Eighth Grade is the directorial debut of Bo Burnham, whose screenplay is inspired by his personal struggle with anxiety. Reinforcing it is also Burnham’s past experience as a YouTuber. Given the prominence of social media and the way in which the lead character uses it, you can see that the material is coming from a very real place. And that is what the film ultimately, and successfully, is.
It is an exercise in ultra-realism. Burnham is gunning for completely realistic storytelling, and the production achieves this up to the point that it physically can. The plot is very neatly structured by Kayla’s vlogs that telegraph what kind of issue that she is facing in that given scene. Thanks to the way that Kayla films them, the vlogs themselves do not feel detached from real-world events and as a bonus, do not assume the role of propelling the story forward.
That role is taken care of by Elsie Fisher. I say that this film has a plot, but really the slice-of-life narrative means that while it may have a beginning and end, the level of engagement is dependent on and lies with the life that is being focused on. Fisher’s performance is believable from start to finish. It is not necessarily compelling, but it certainly feels real. The character development is both definitive and subtle and when it comes to what thirteen-year-old Kayla is setting out to achieve, it is as clear to us as it is to her. She doesn’t have all the answers. She is terrified of what may come next and what the world expects of her. She has aspirations and believes what she says in her videos, but to live up to all of it remains a challenge.
At no point does the film act like it has the answers to any of this. By its closing, we are left but with one clear-cut message: It’s gonna be alright.
The film makes effort to explore other themes such as sexuality and the overuse of social media. Both are handled well by way of the film being careful with how much information it gives the audience. For instance, with the exception of one confirmed viewer, we do not know how many people are actually watching Kayla’s vlogs. We are also not given any detail into the absence of her mother. It does not impact this story and its outright omission means that further emphasis can be put on her and her father. It serves as the emotional core and it works thanks to Josh Hamilton’s performance and the script treating him like a real person, and not as a driver of the plot.
If there is any gripe to be had with this film, it’s that the plot can only move at a certain speed. Thanks to the slice-of-life storytelling, there are times when it drags thanks to necessary inactivity, and I started to check my watch around the beginning of the third act.

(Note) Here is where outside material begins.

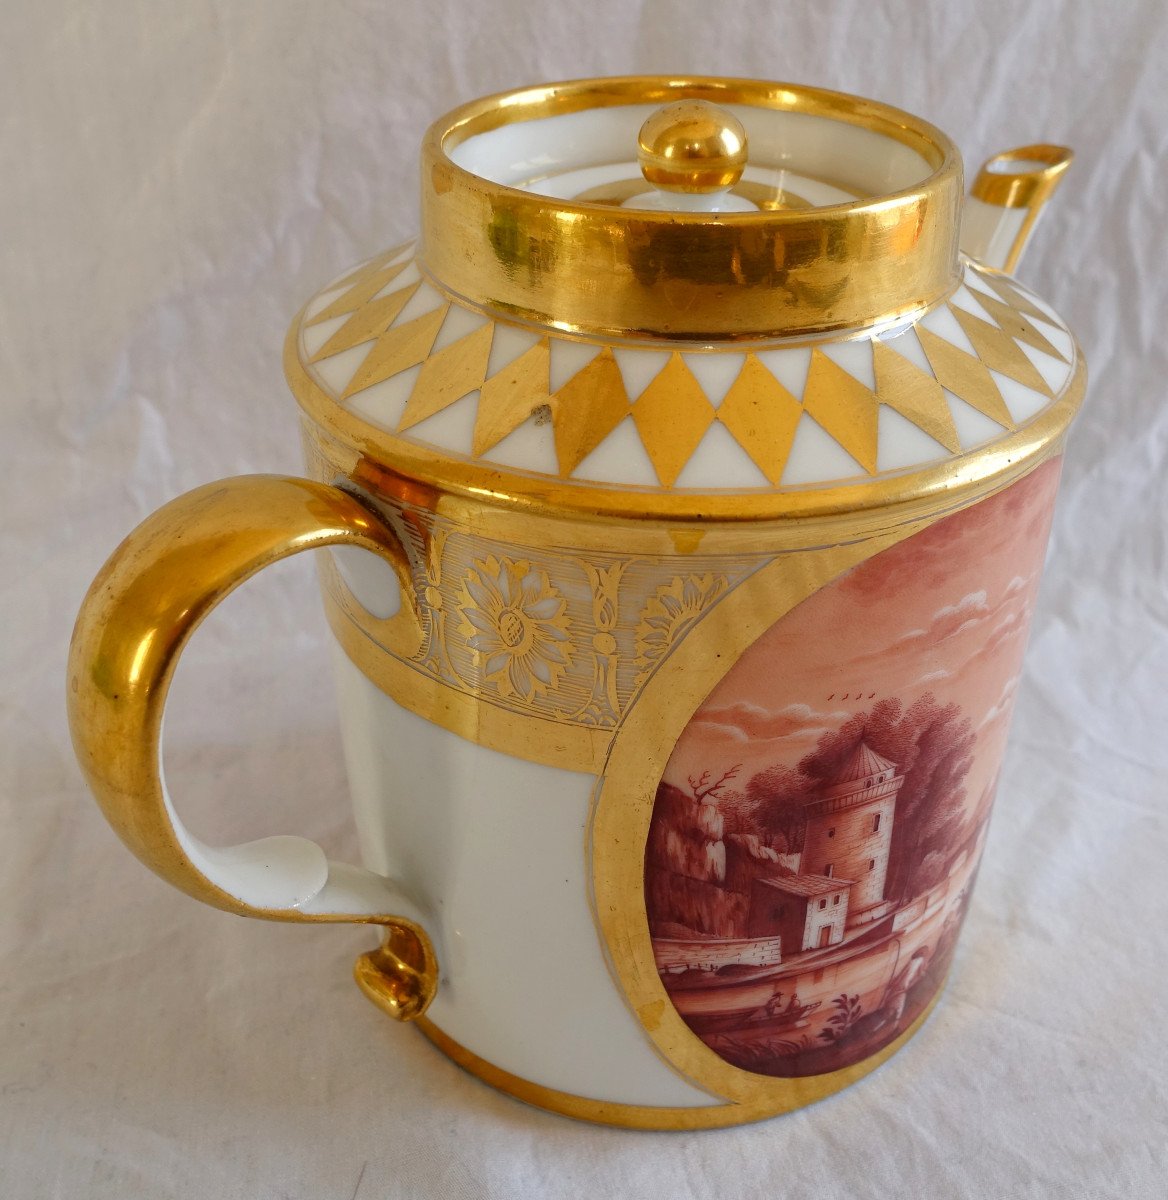 Schoelcher Manufacture - Directoire Empire Period Porcelain Teapot - Camaieu Landscapes-photo-3

Eighth Grade is a victim of extended international release dates, arriving in South African cinemas more than a year after it first debuted. I sincerely hope that it gets a warm reception here because while it may not speak to every thirteen-year-old, it does give insight into a particular, prominent aspect of young human living. It does so via near-brilliant filmmaking on the part of Burnham, and legitimate acting by Fisher.